Dubstep has infiltrated our culture this year, and you can't really go anywhere without being exposed to it. Where action movie trailers used to feature heavy rock tracks, they now feature dubstep amidst the explosions and gunfire. It's even permeated the music of pop stars, rappers, and rock bands, including (but not limited to) Taylor Swift, Alex Clare, Flame, and even Muse. You either love it or you hate it, with very few people in between.
I'm one that falls in between; when it's done right, I like it. In recent months, Andrew Huang has done it right (I know, because I like it).
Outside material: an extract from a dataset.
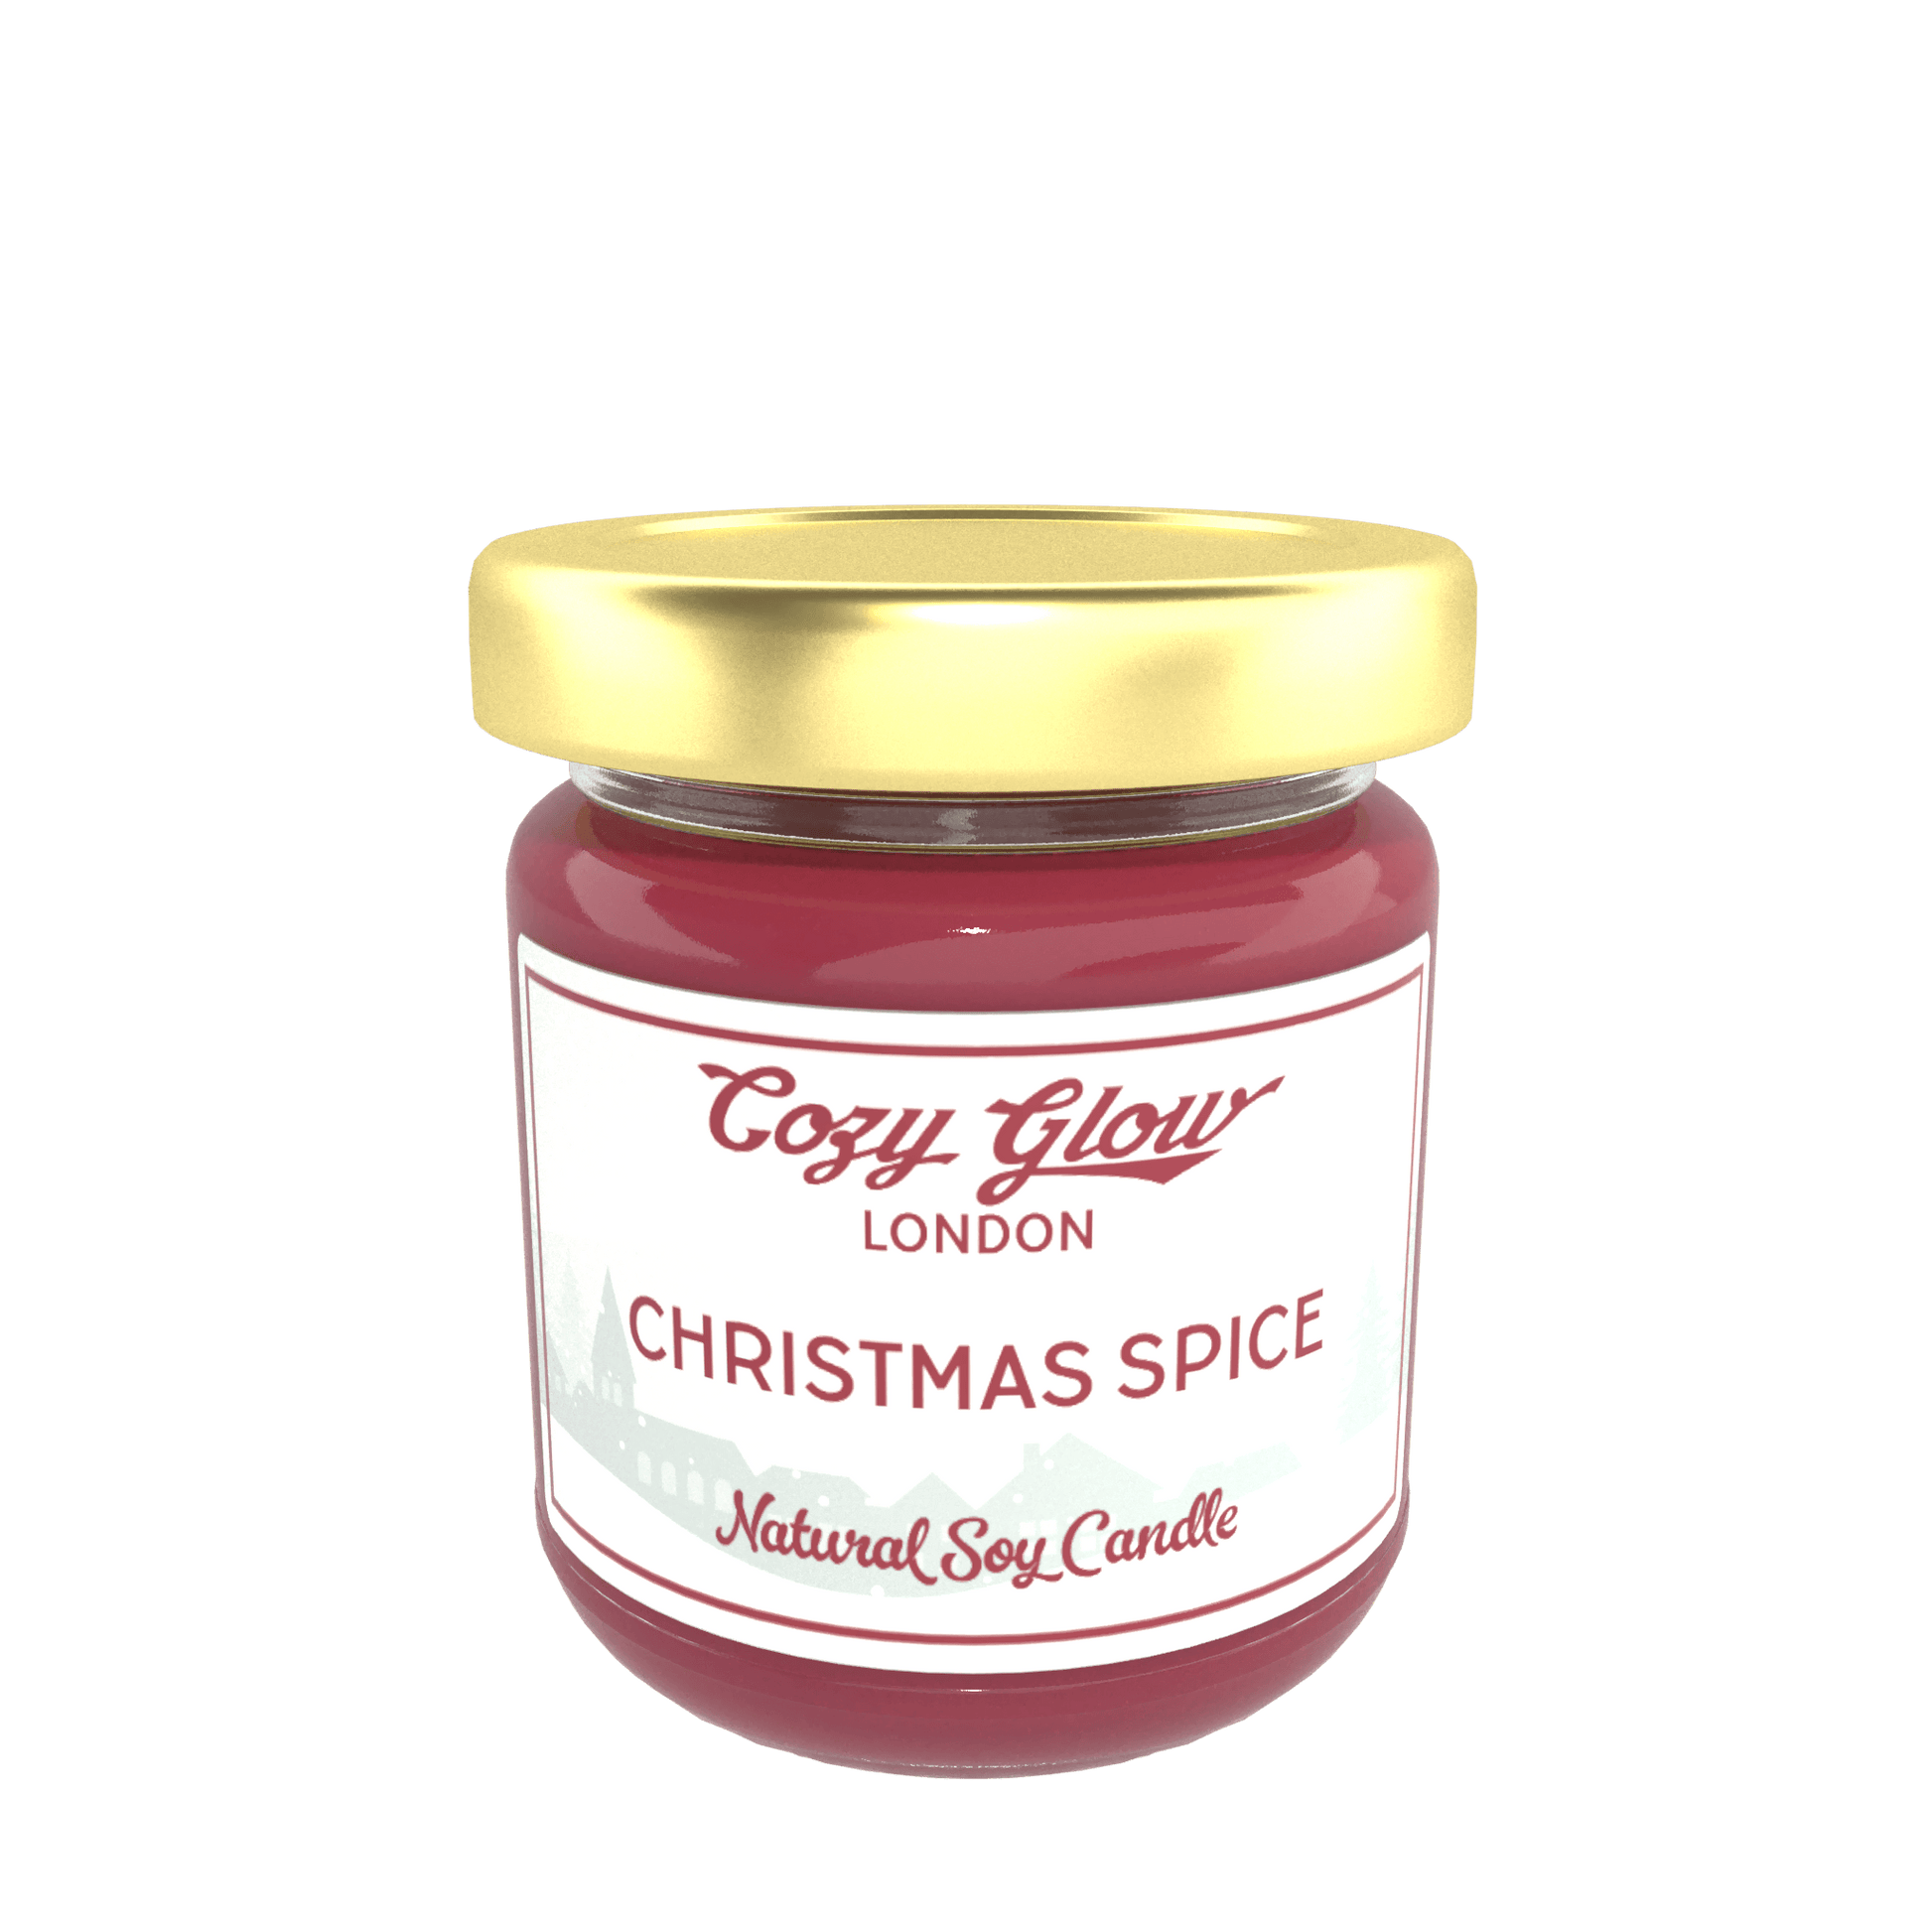 Cozy Glow Christmas Spice Regular Soy Candle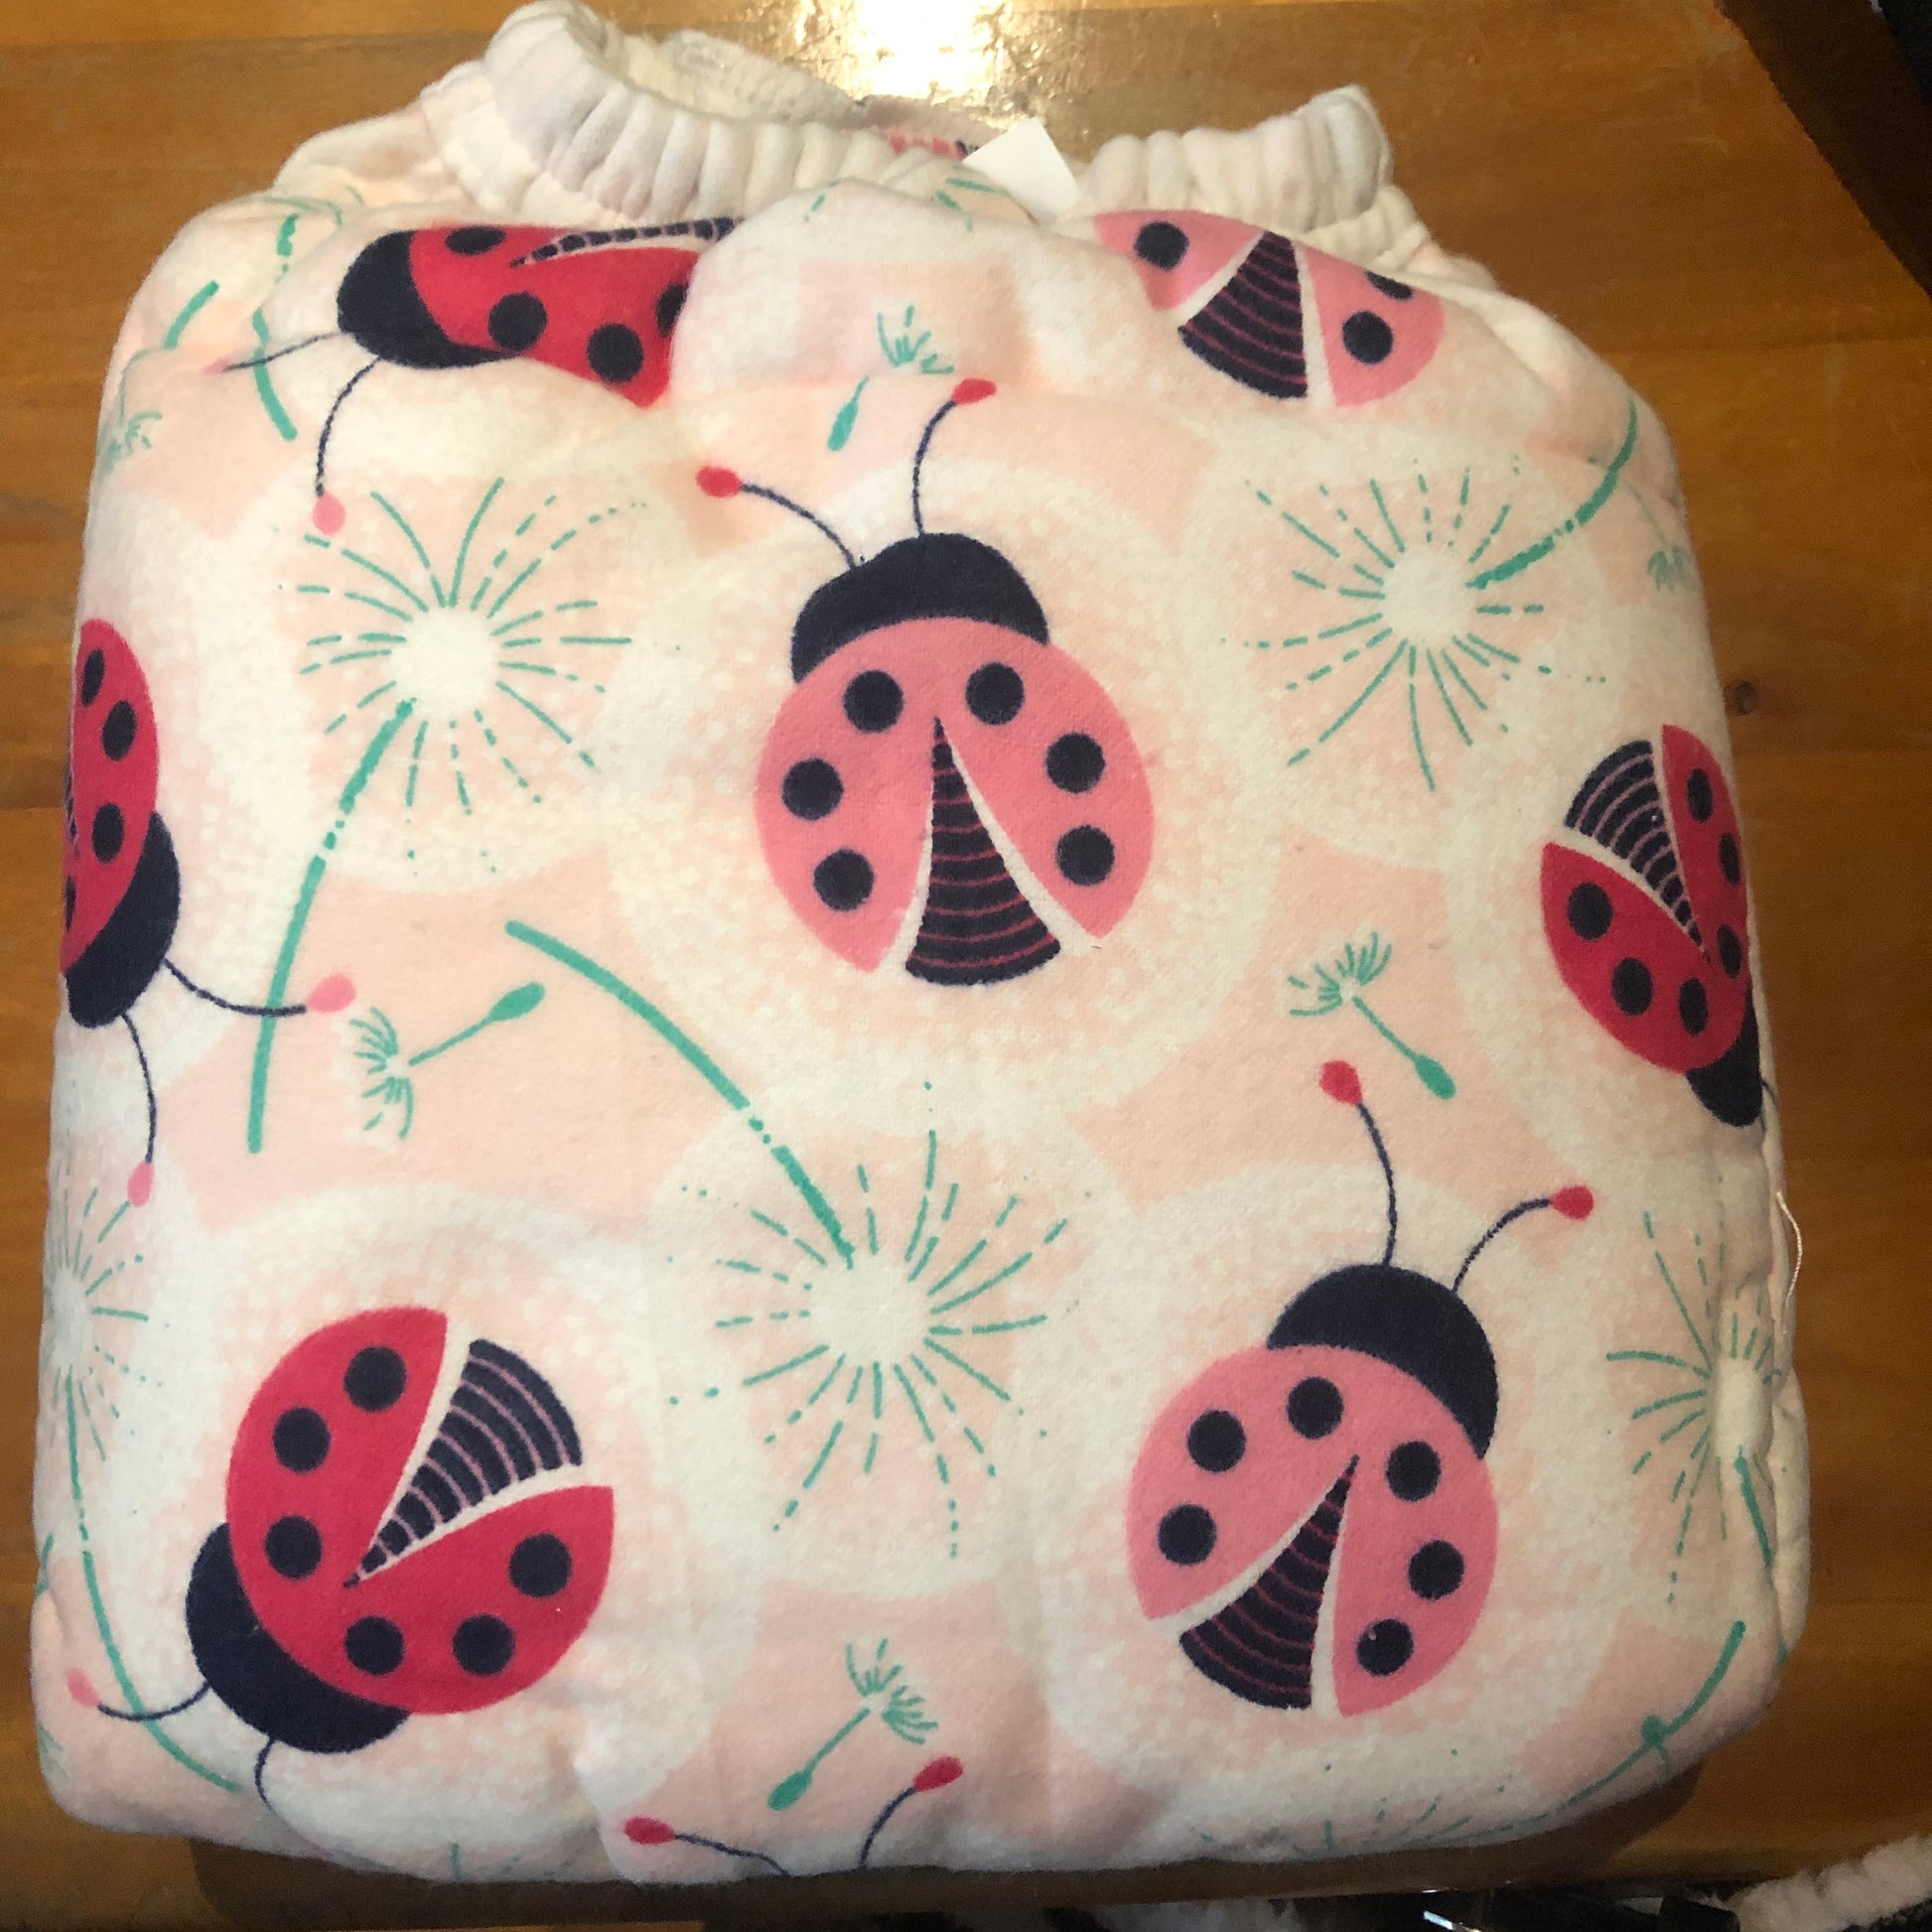 The Pink Bugs Cloth Diaper with Velcro Closure.

He had tried his hand at dubstep with a few singles here and there, and following his 80s pop album, Love & Desolation, is Huang's first full-length dubstep album, Droop.
Before you go thinking that Droop is full of your typical dubstep tracks - you know, starting out tame with some electronic sounds and synths, then busting out loudly with wobbly, dirty, arhythmic bass and an explosively heavier beat - there's more to it than that. Now, there are those types of tracks on Droop, such as "Sanction," "Tritone," "Suffolk Punch," and "September," but those who are familiar with Huang's work know that he seldomly sticks to the formula for longer than he needs to. For one, there's a "hip hop" track in the mix; "The Catacombs" features Huang rapping to a fairly steady dubstep beat. And as he's rapping on the track, he doesn't take the track for granted, providing skill and thought in his verse: "Shattered your hope, couldn't climb charts with some ladder and rope, no luck finding the jams that sizzle, I find them so stuck in the grease lining the pans a little, those ruts be damned, kids need to grow up, go nuts for club crawls and all else is so what, when I show up my flow pulls like a tow truck, leave them bedazzled and hit them like they don't know what." He does a little flexing, but also takes a little shot at the empty club scene.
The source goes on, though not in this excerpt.